How to access existing table in Hive?

2019-02-19 04:23发布

问题:

I am trying to access HIVE from spark application with scala.

My code:

val hiveLocation   = "hdfs://master:9000/user/hive/warehouse"
val conf = new SparkConf().setAppName("SOME APP NAME").setMaster("local[*]").set("spark.sql.warehouse.dir",hiveLocation)

val sc = new SparkContext(conf)
val spark = SparkSession
  .builder()
  .appName("SparkHiveExample")
  .master("local[*]")
  .config("spark.sql.warehouse.dir", hiveLocation)
  .config("spark.driver.allowMultipleContexts", "true")
  .enableHiveSupport()
  .getOrCreate()
println("Start of SQL Session--------------------")

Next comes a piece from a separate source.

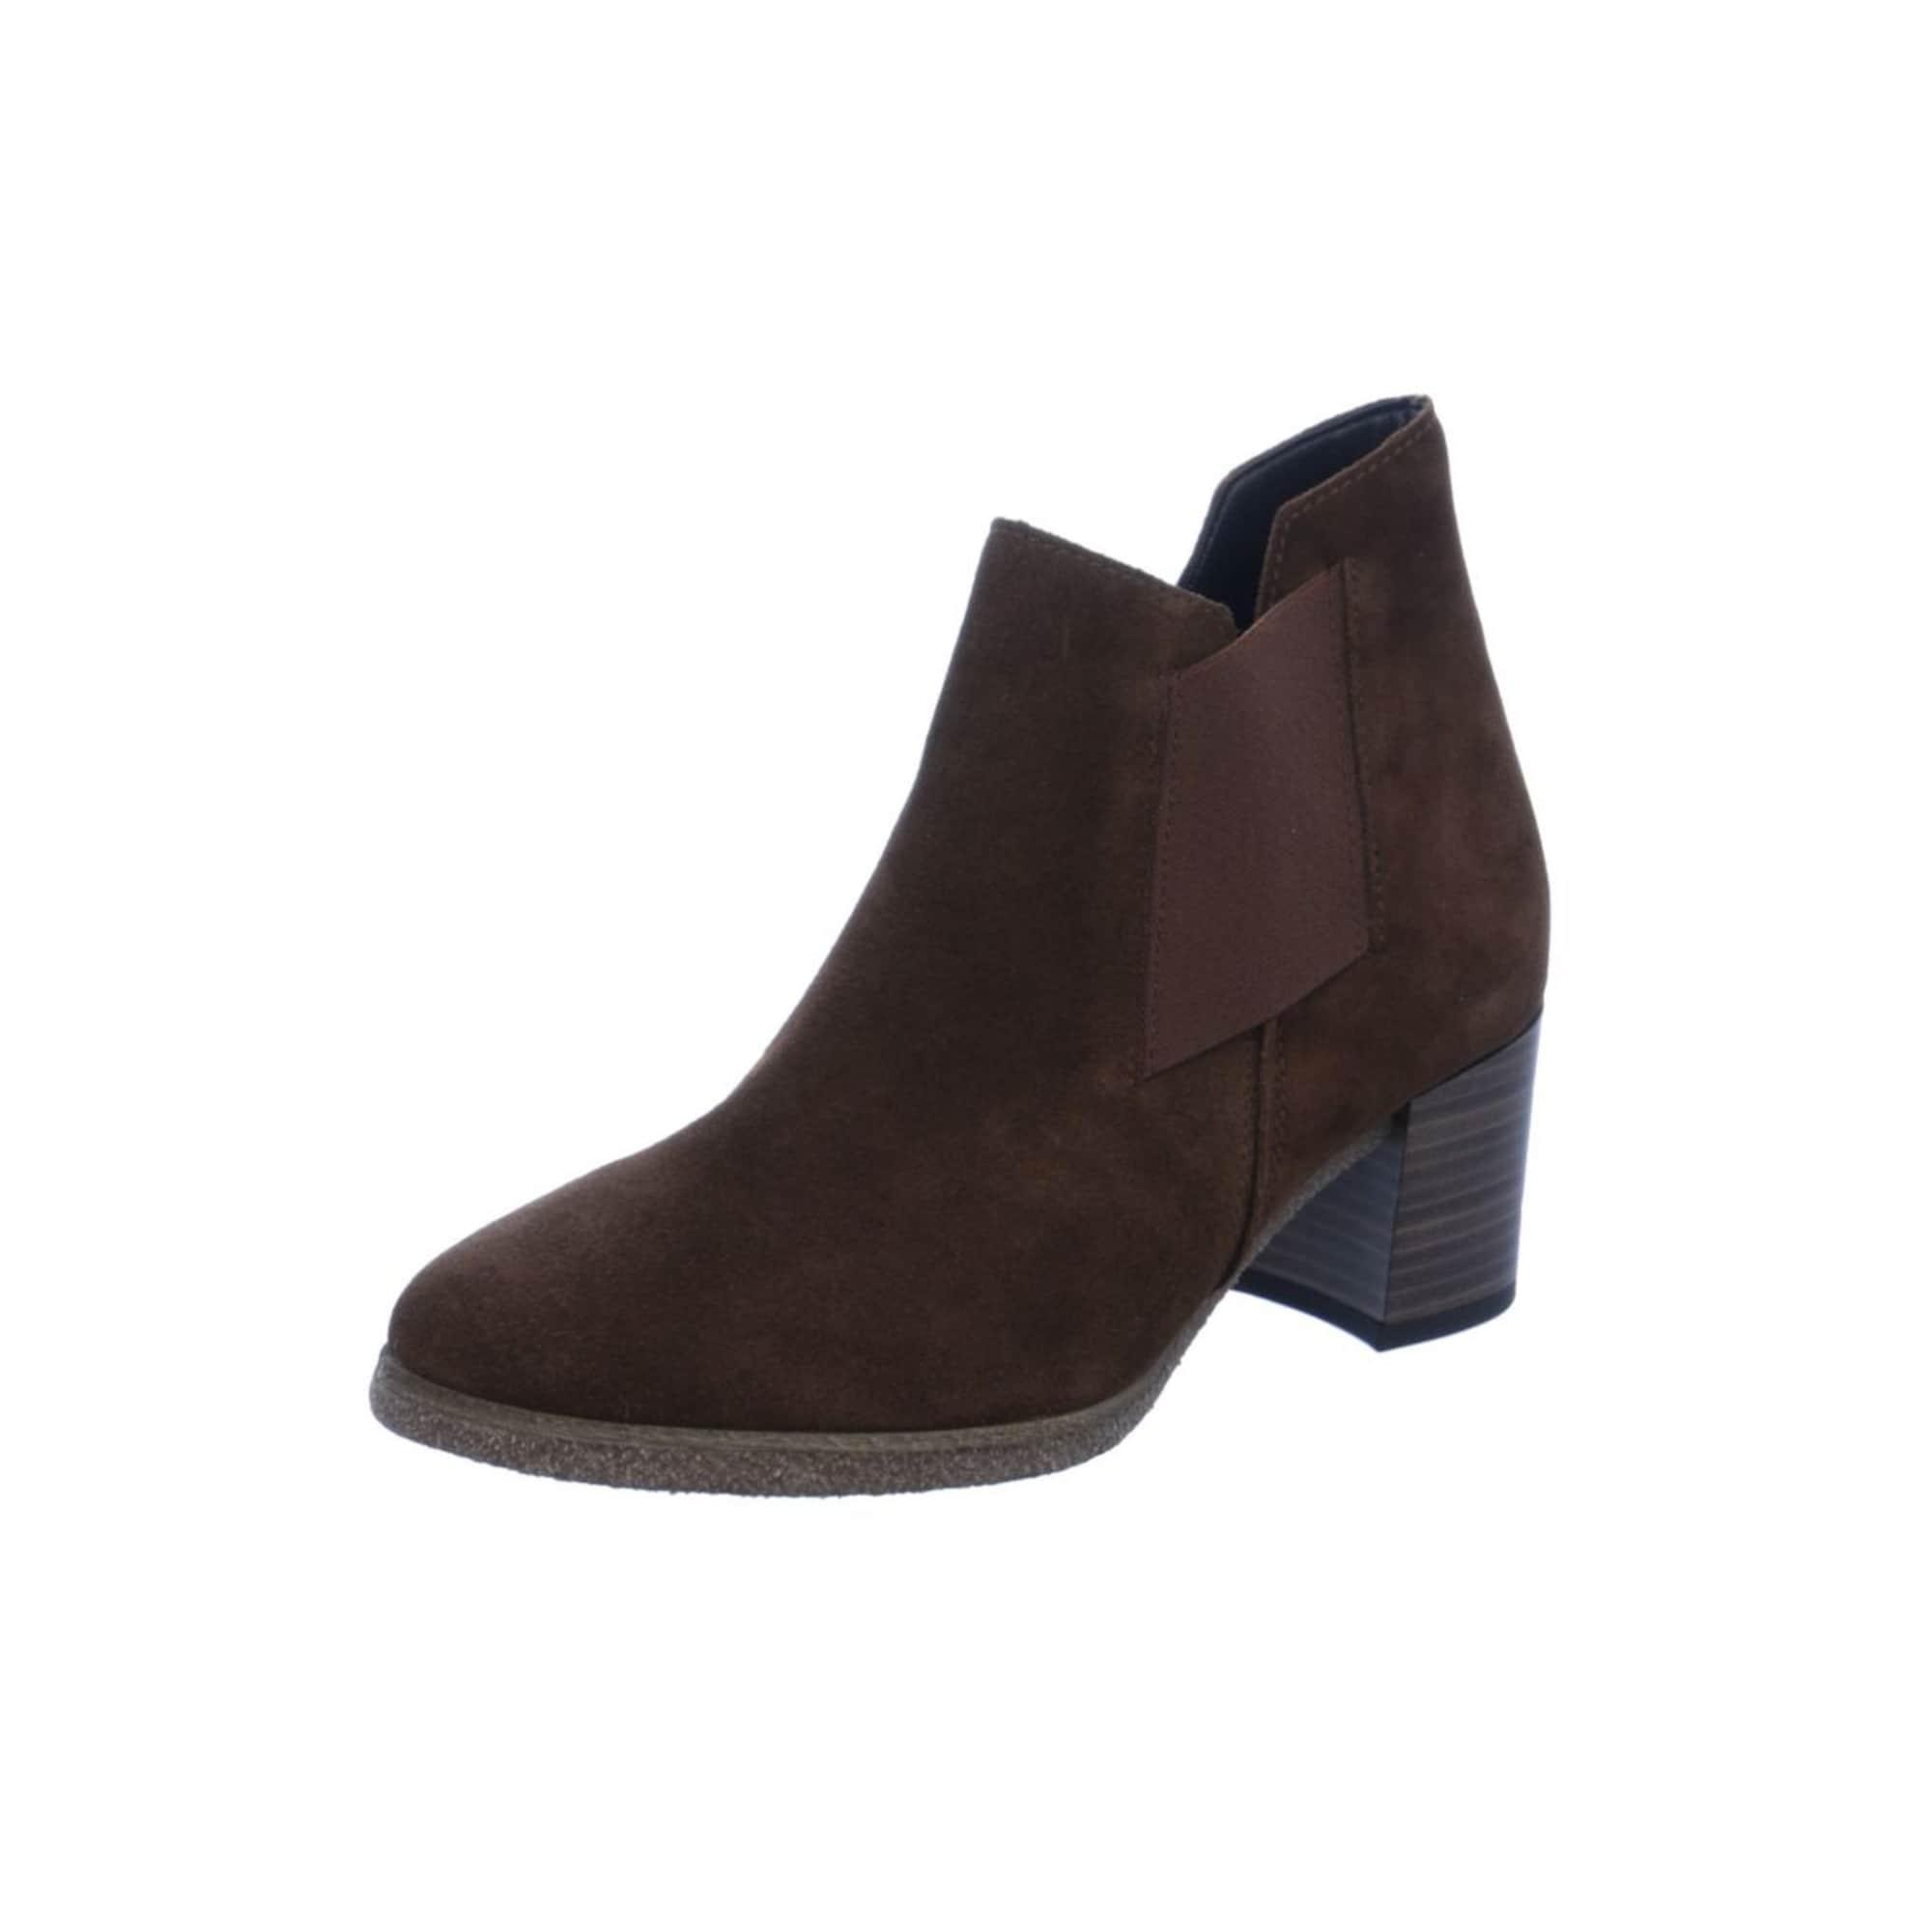 Stiefel   Schuhe   Braun   Gabor

spark.sql("select * from test").show()
println("End of SQL session-------------------")

But it ends up with error message

Table or view not found

but when I run show tables; under hive console , I can see that table and can run Select * from test. All are in "user/hive/warehouse" location. Just for testing I tried with create table also from spark, just to find out the table location.

val spark = SparkSession
      .builder()
  .appName("SparkHiveExample")
  .master("local[*]")
  .config("spark.sql.warehouse.dir", hiveLocation)
  .config("spark.driver.allowMultipleContexts", "true")
  .enableHiveSupport()
    .getOrCreate()
println("Start of SQL Session--------------------")
spark.sql("CREATE TABLE IF NOT EXISTS test11(name String)")
println("End of SQL session-------------------")

This code also executed properly (with success note) but strange thing is that I can find this table from hive console.

Even if I use select * from TBLS; in mysql (in my setup I configured mysql as metastore for hive), I did not found those tables which are created from spark.

Is spark location is different than hive console?

What I have to do if I need to access existing table in hive from spark?

回答1:

from the spark sql programming guide: (I highlighted the relevant parts)

Configuration of Hive is done by placing your hive-site.xml, core-site.xml (for security configuration), and hdfs-site.xml (for HDFS configuration) file in conf/.

When working with Hive, one must instantiate SparkSession with Hive support, including connectivity to a persistent Hive metastore, support for Hive serdes, and Hive user-defined functions. Users who do not have an existing Hive deployment can still enable Hive support. When not configured by the hive-site.xml, the context automatically creates metastore_db in the current directory and creates a directory configured by spark.sql.warehouse.dir, which defaults to the directory spark-warehouse in the current directory that the Spark application is started

you need to add a hive-site.xml config file to the resource dir. here is the minimum needed values for spark to work with hive (set the host to the host of hive):

<?xml version="1.0"?>
<?xml-stylesheet type="text/xsl" href="configuration.xsl"?>
<configuration>
    <property>
        <name>hive.metastore.uris</name>
        <value>thrift://host:9083</value>
        <description>IP address (or fully-qualified domain name) and port of the metastore host</description>
    </property>

</configuration>